Der Kabelbinder schrieb:
Kennt zufällig jemand ein gutes Tutorial, wie man die Bildkomposition bei SD v1.5 kontrollieren kann?
Wie kann man die Eigenschaften von Motiv und Hintergrund am besten voneinander trennen? Angaben wie "X in the background" wendet er bei mir aktuell ständig auf das Hauptmotiv an. 🤔
Ich hatte damit das Osterwochenende rumprobiert...
Das Ergebnis meiner letzten Versuche:
Ich hatte dazu auch ein paar Worte zusammengefasst. Zu eurem (möglichen) Leidwesen allerdings auf Englisch - sorry, not sorry. Im Zweifelsfall mal durch Google Translate jagen.
This is a trial for using Controlnet with multiple very different looking subjects, all taking part in the same scene.
I used some stock photo of an office meeting (notebook on table and everything) for an openpose controlnet, everything else was text2img and img2img.
This was practice for... well, lots of things.
Issues:
- Hands. Always hands. Though not so bad that you're likely to notice at first glance.
- Leg length on the kimono girl. I definitely should've put more effort into trying to fine-tune the control net at the beginning - that lazyness bit me in the ass later.
- The green jacket doesn't fall right where it goes behind the arm.
- The chairs have wonky proportions and so does the table.
Successes:
- Body types are as different as intended
- Clothes and hair styles (as well as their colours) are on point and came out as intended
- One person sitting at a 90° angle to the camera and looking at someone else
- Spring season feeling, established
I've done a bit of experimenting with Latent Couple and Tiled Diffusion... as best I can tell:
Latent Couple is good for:
- creating cohesive scenes (relatively speaking)
- sticking to a theme
- working with input from an openpose control net
It simply cannot deal with upscaling images it creates and without a control net it's pretty bad at creating specific setups or even sticking to the amount of characters described in the prompt
Tiled Diffusion is good for:
- getting the amount of characters you intended where you intended them to be*
- upscaling images started with LC
It's pretty shit at creating more complex scenes wholesale and in my testing failed to turn an openpose control net showing three people sitting into an image of three people sitting around a table. There were three bits of different tables, consistently.
So, my current best method for getting a specific scene: Create an openpose controlnet through a stock image or a 3D program, use that with Latent Couple at relatively low resolution to fine-tune my prompt and get the composition about right, then do one or two upscaling steps with Tiled Diffusion.
I have yet to experiment using more than just openpose in connection. Sure, the openpose_bones for Blender gives me everything I really need, but I don't have the patience to fiddle around with multiple models to get everything in the right position...

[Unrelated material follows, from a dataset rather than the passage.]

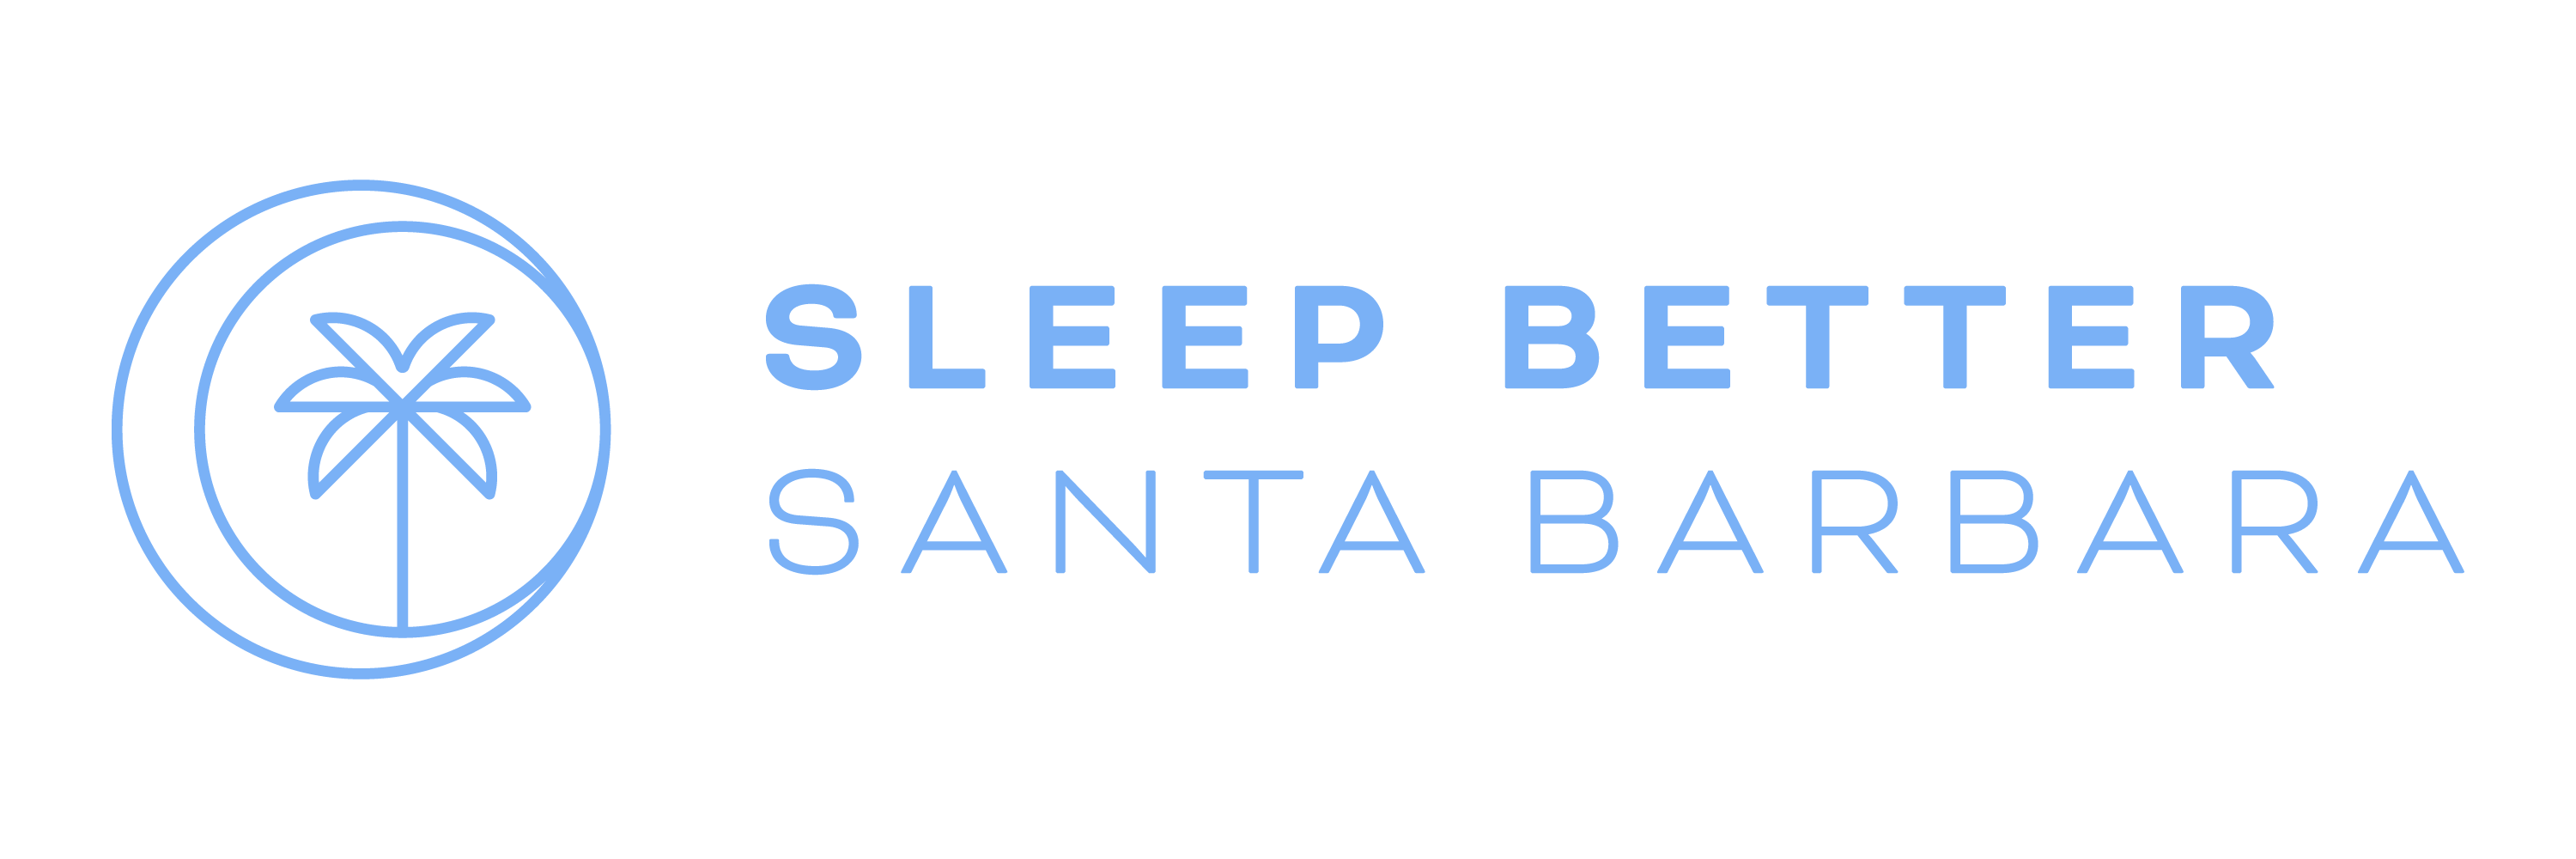 Sleep Better Santa Barbara Photo

Meanwhile, finding a stock photo that is
exactly right for more than just openpose... good luck. Unless you see an image and decide to turn that into anime style or something, I suppose.
*I've experimented with making the background the first or last region - the background in the first region seems to be a bit better, but it's not even close to being a fix, not if you want a background element in front of a character, such as people sitting around a table.
Trying to do the table as a seperate front or background region just makes it worse, since it tries to populate that region with more (tiny) people, amongst other problems.
Aitrepreneur hat dazu auch eine Anleitung gemacht, der Typ macht gute Anleitungen...
PS: Parameter des Bild einfach per PNG Info auslesen